WORK REQUEST
Below is a set of records; reproduce them exactly without their pictures.

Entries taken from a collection
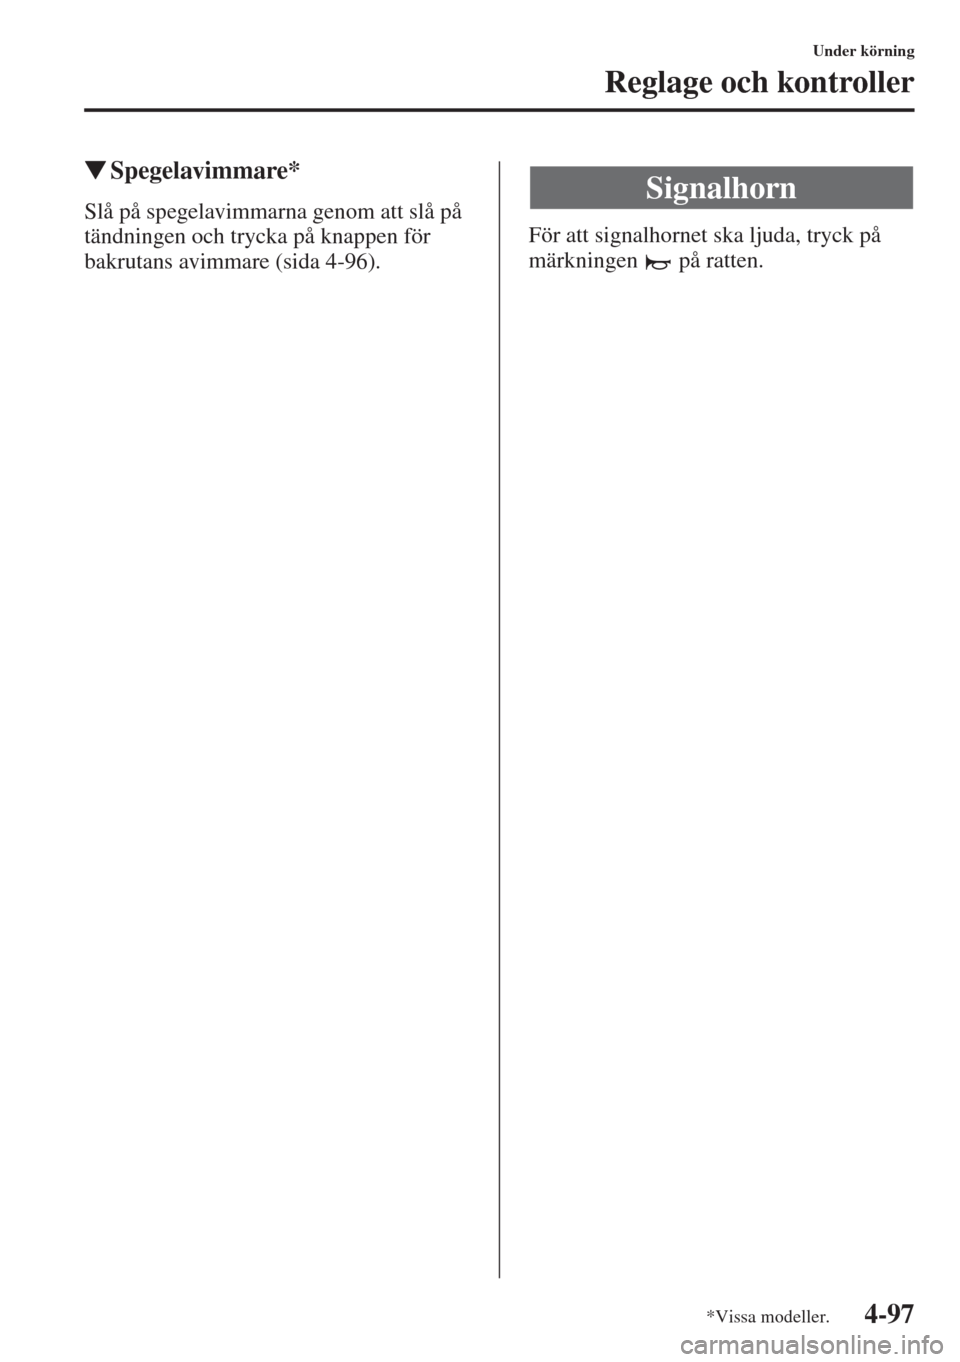 MAZDA MODEL CX-5 2015  Ägarmanual (in Swedish) 4-97
Under körning
Reglage och kontroller
�WSpegelavimmare*
Slå på spegelavimmarna genom att slå på 
tändningen och trycka på knappen för 
bakrutans avimmare (sida 4-96).För att signalhornet 
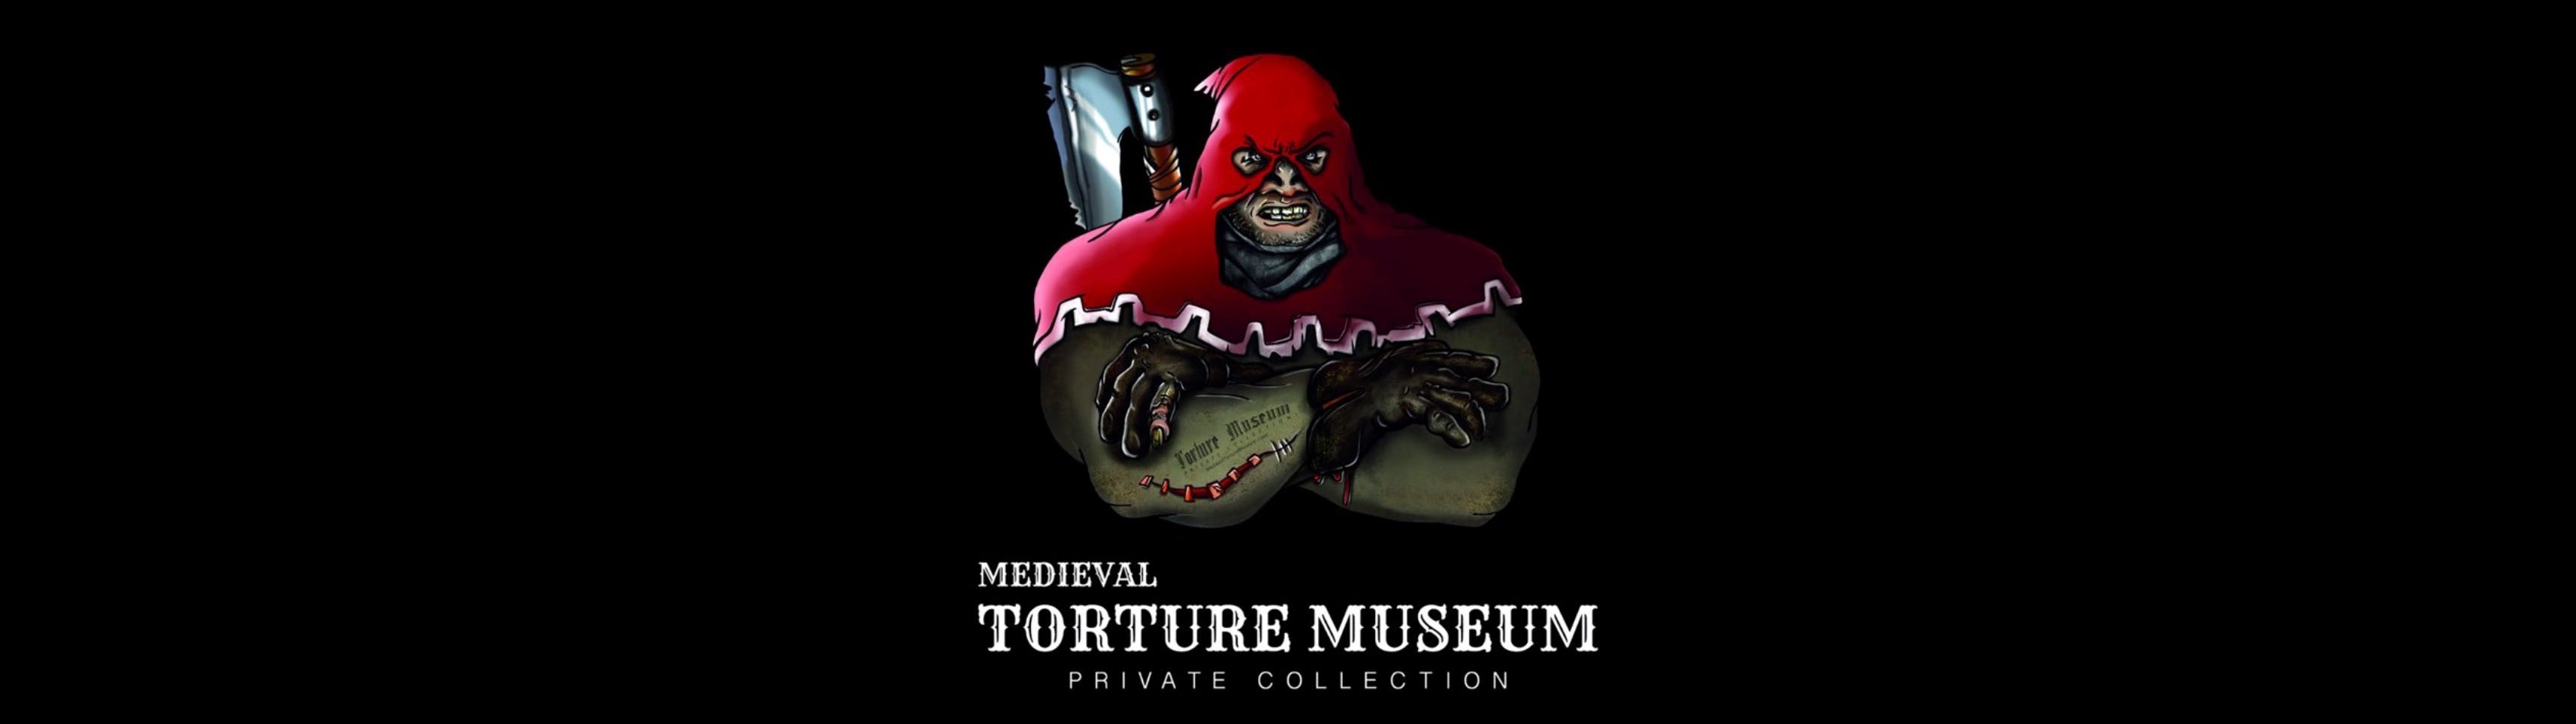 Średniowieczne Muzeum Tortur z audioprzewodnikiem, polowaniem na duchy i biletem do Tiny Art Gallery
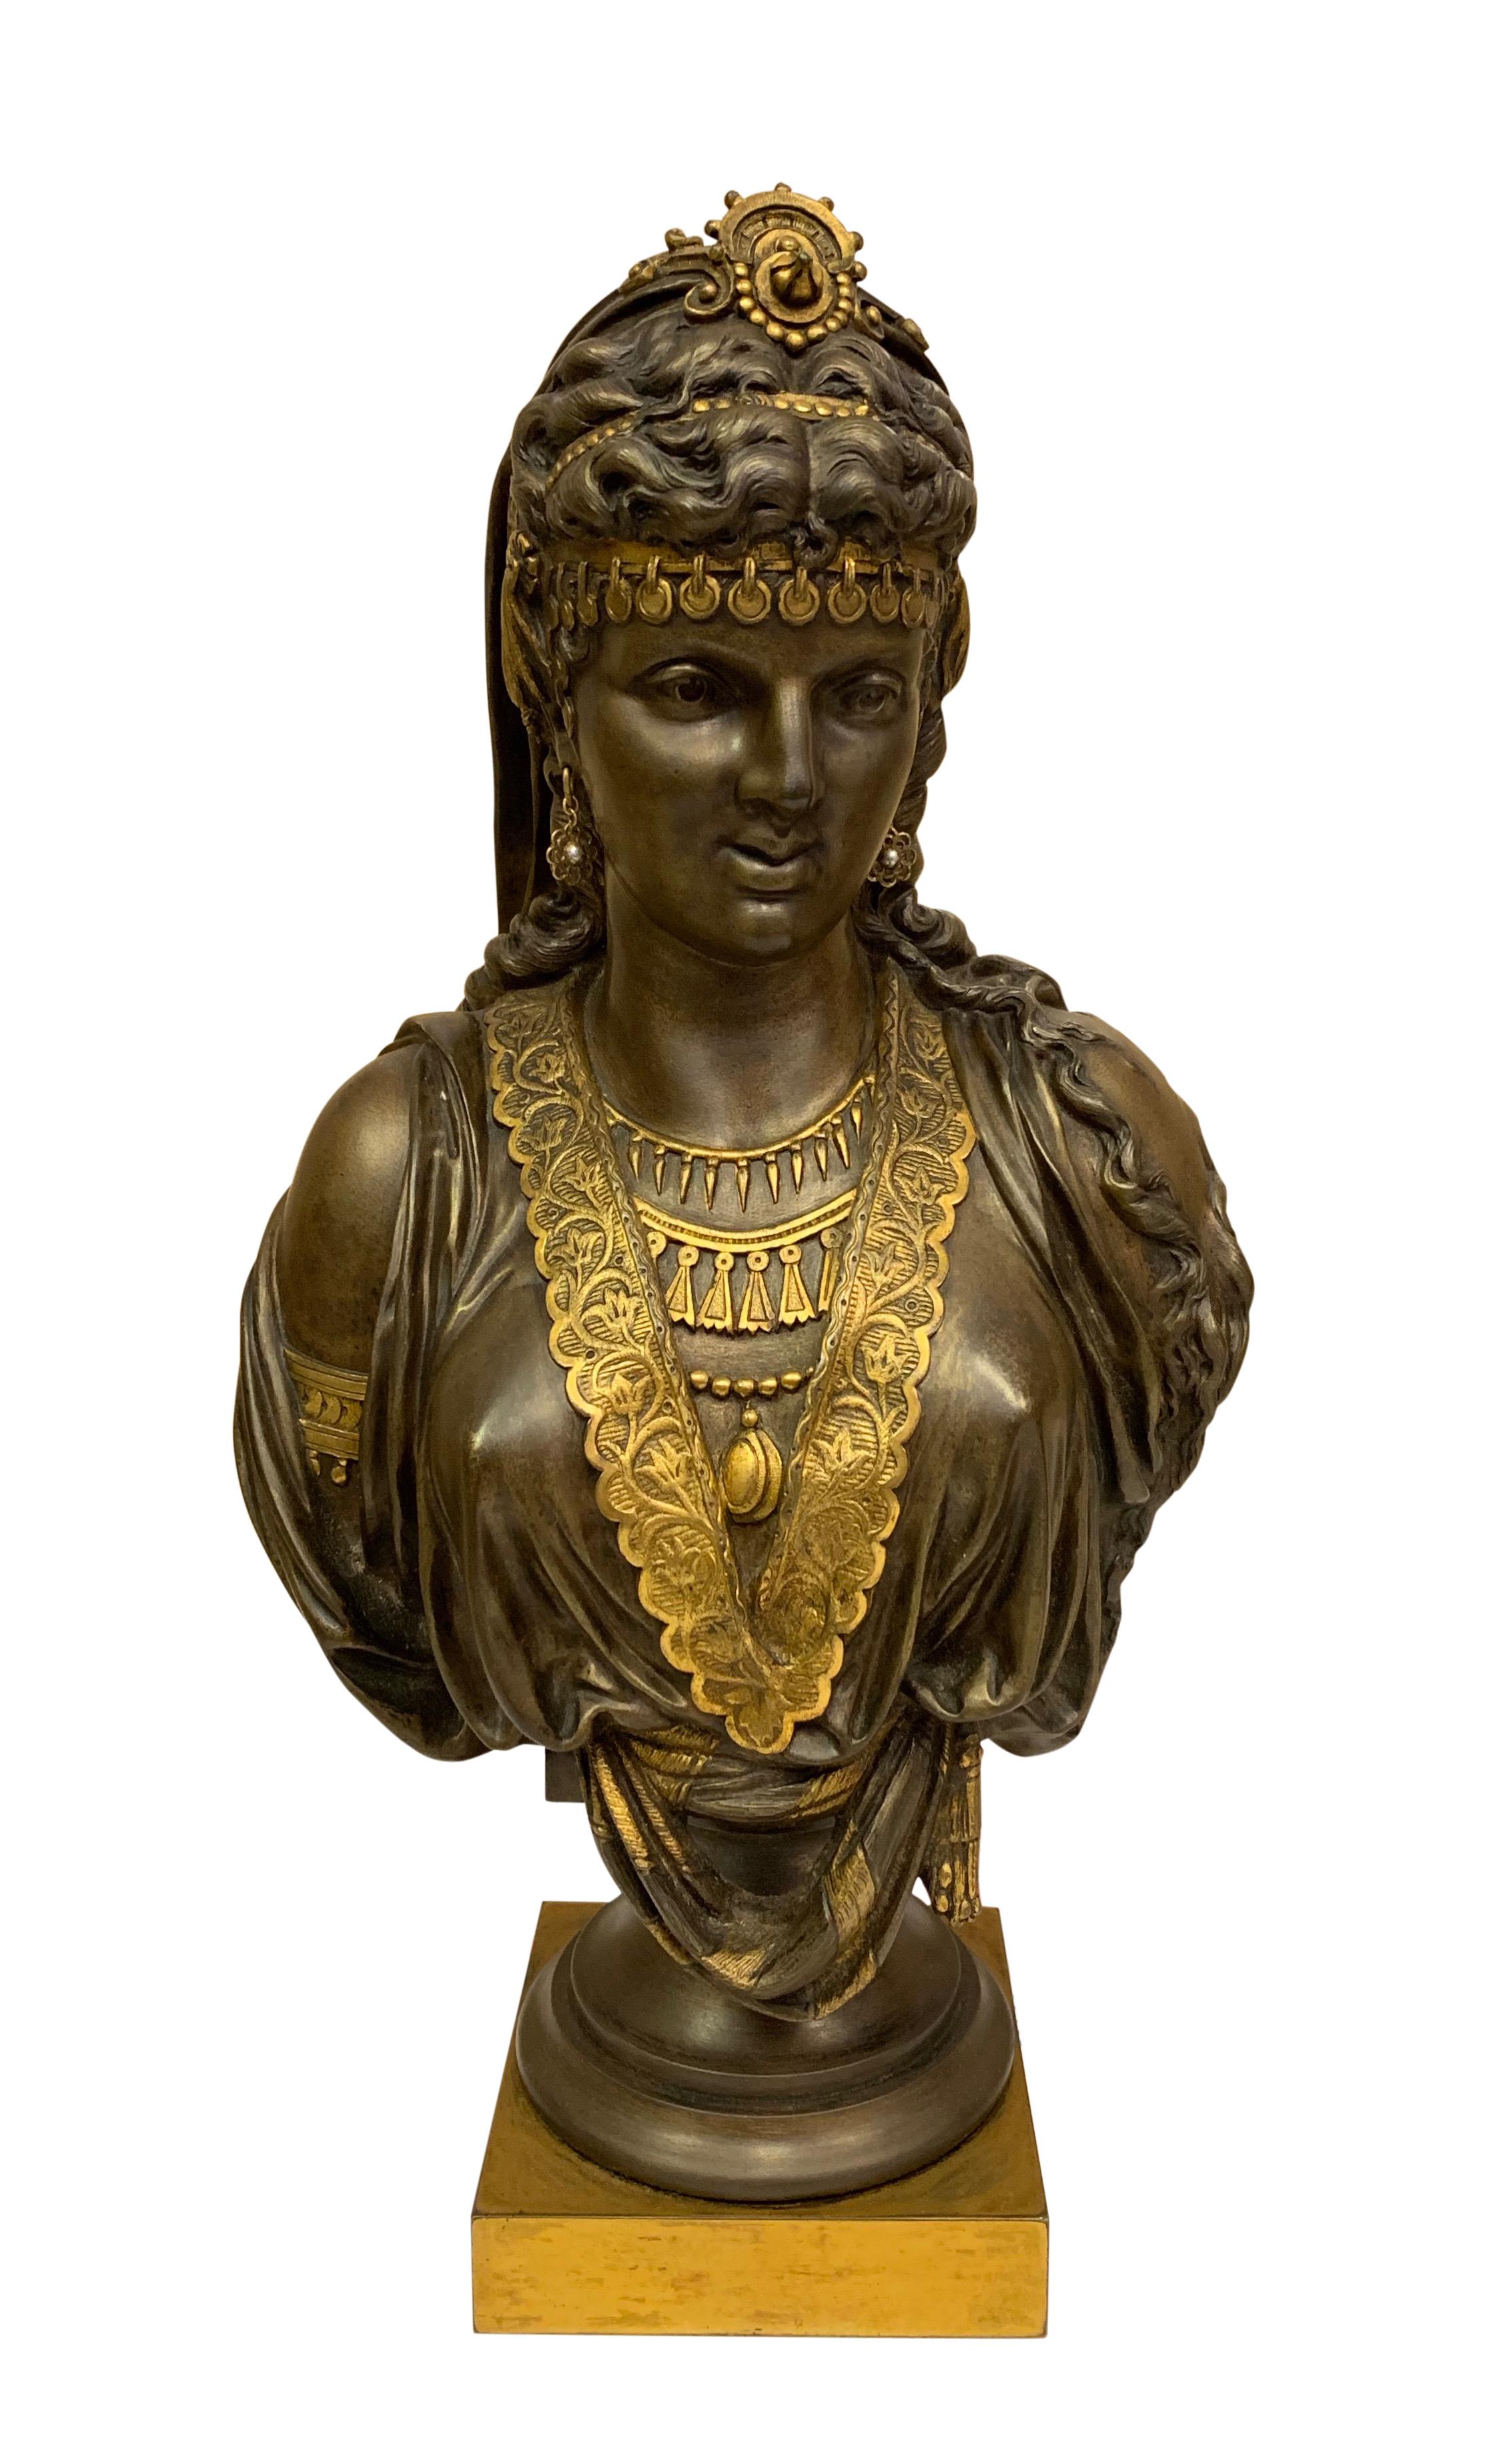 Ein Paar vergoldeter und patinierter orientalischer Bronzebüsten von hervorragender Qualität aus dem 19. Die jungen Frauen trugen traditionelle orientalische Kleidung und Perlenketten und Ohrringe,

um 1860

Abmessungen
Höhe 14
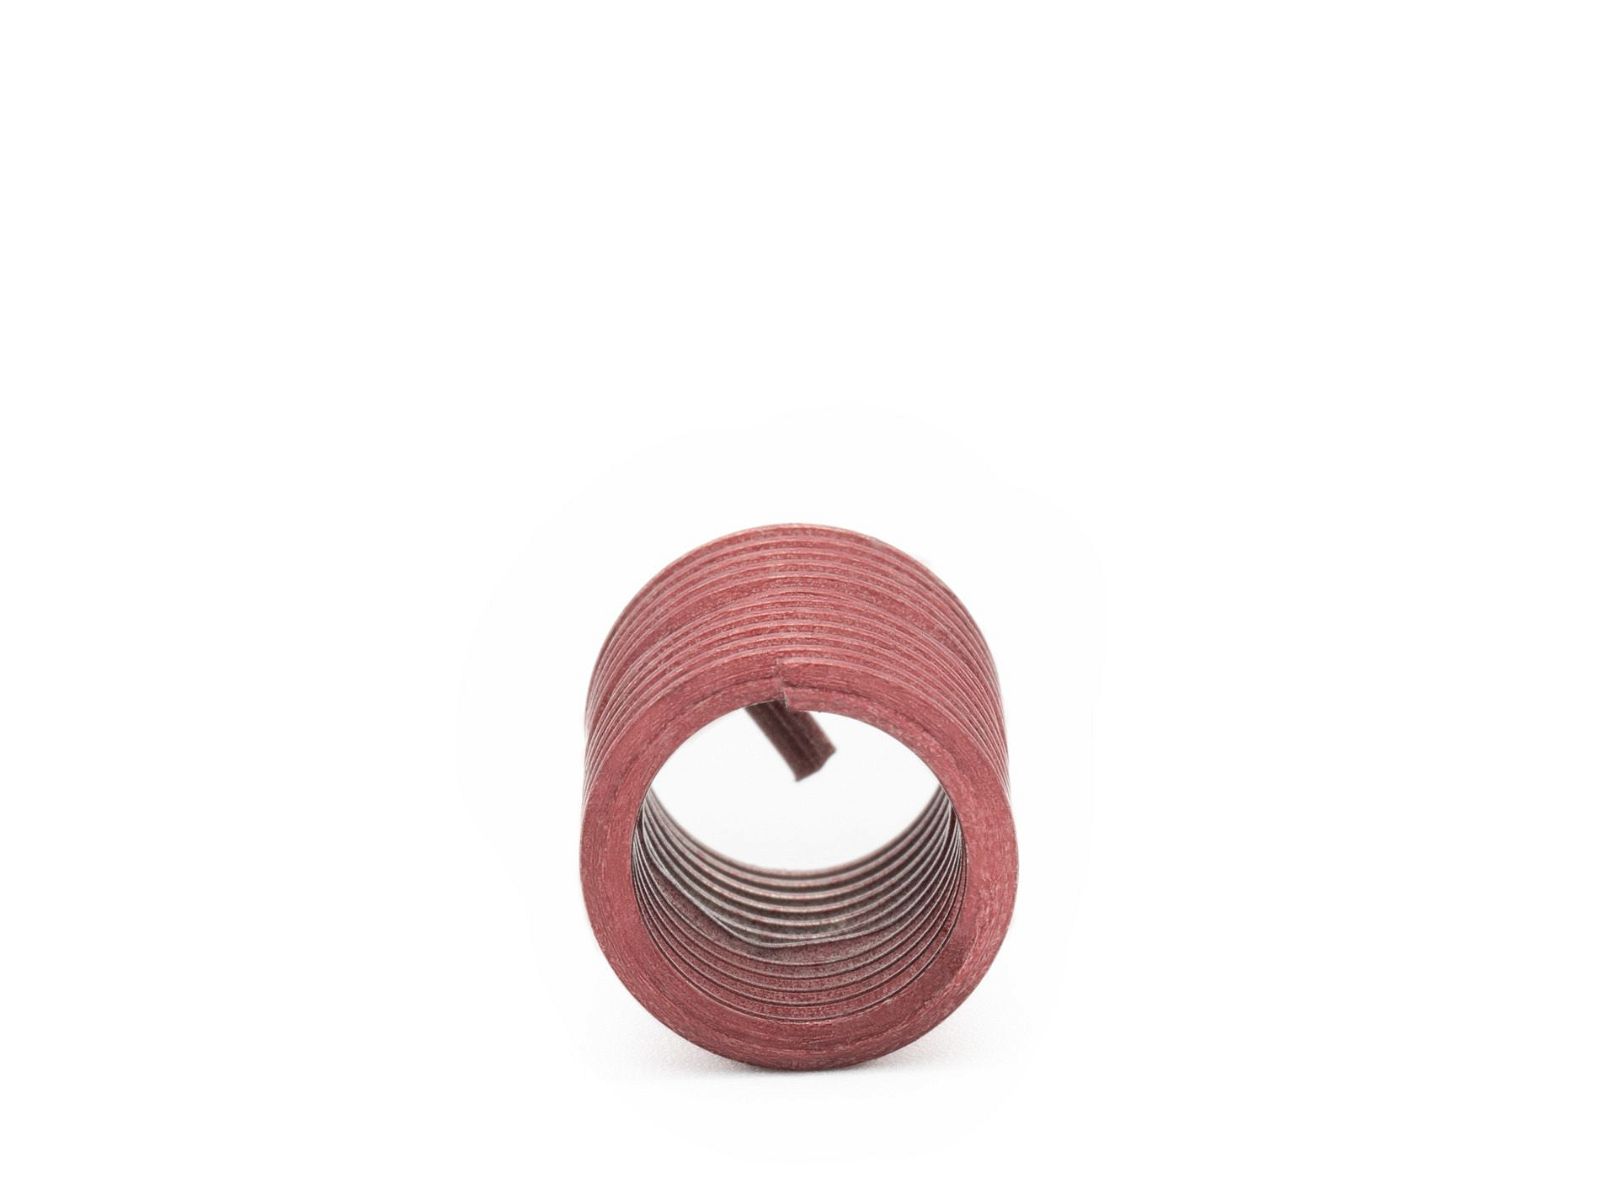 BaerCoil Wire Thread Inserts M 10 x 1.25 - 2.0 D (20 mm) - screw grip (screw locking) - 100 pcs.

RESPONSE
 MAZDA MODEL CX-5 2015  Ägarmanual (in Swedish) 4-97
Under körning
Reglage och kontroller
�WSpegelavimmare*
Slå på spegelavimmarna genom att slå på 
tändningen och trycka på knappen för 
bakrutans avimmare (sida 4-96).För att signalhornet 
 Średniowieczne Muzeum Tortur z audioprzewodnikiem, polowaniem na duchy i biletem do Tiny Art Gallery
 Ein Paar vergoldeter und patinierter orientalischer Bronzebüsten von hervorragender Qualität aus dem 19. Die jungen Frauen trugen traditionelle orientalische Kleidung und Perlenketten und Ohrringe,

um 1860

Abmessungen
Höhe 14
 BaerCoil Wire Thread Inserts M 10 x 1.25 - 2.0 D (20 mm) - screw grip (screw locking) - 100 pcs.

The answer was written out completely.